The problem, reformulated, is to find the smallest circle intersecting the curve so that no point on the curve lies within the circle; on the other hand we need the largest circle intersecting the curve so that no point on the curve lies outside it.

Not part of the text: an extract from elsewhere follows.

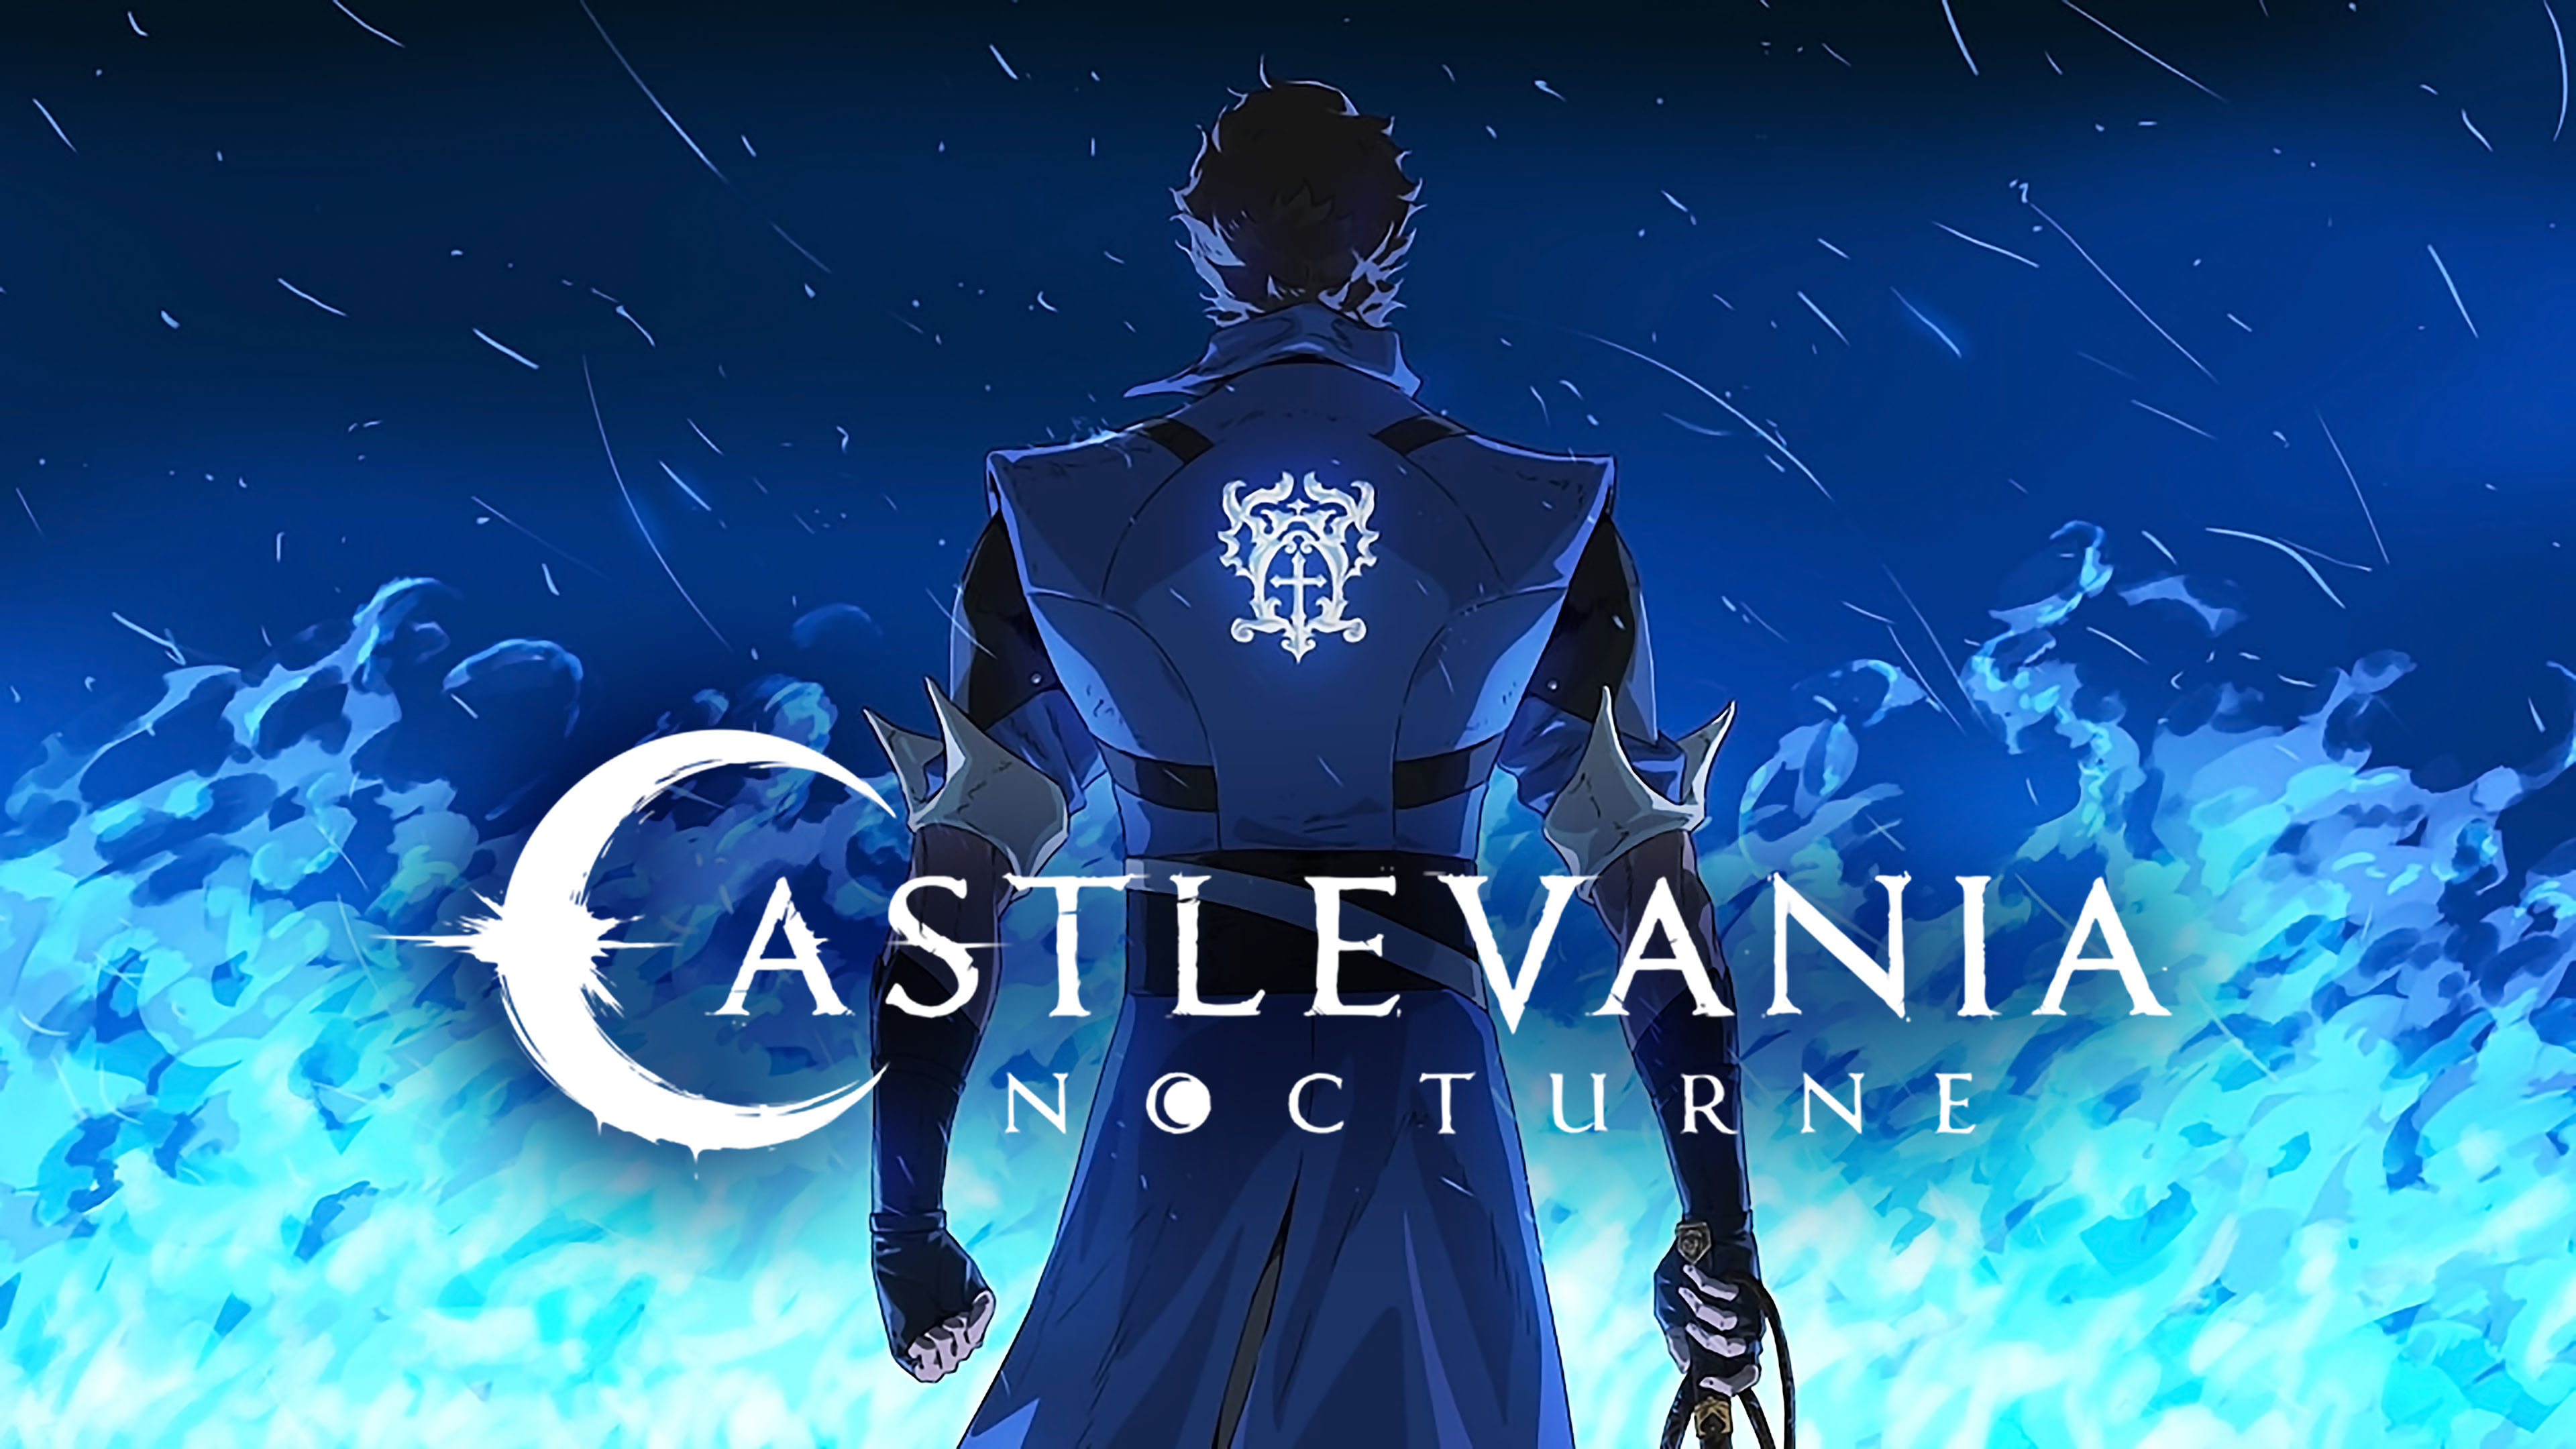 Den andra säsongen av Castlevania: Nocturne är redan under utveckling

To find this least circle, let its radius be $r.$ Then we seek the least such $r$ satisfying the equations $x^2+y^2=r^2$ and $x^4+y^4+3xy=2.$ Squaring the first and substituting gives $$2-3xy+2(xy)^2=r^4,$$ a quadratic in $xy.$ Thus we easily find that the minimum value of $r^4,$ occurring at $xy=3/4,$ is given by $r^4=7/8.$ Hence our points lie on $xy=3/4$ and $x^2+y^2=\sqrt{7/8}.$ Thus we find that $x^2$ and $y^2$ are the roots of the quadratic $$m^2-\sqrt{7/8}m+9/16=0.$$ From here I believe you may proceed.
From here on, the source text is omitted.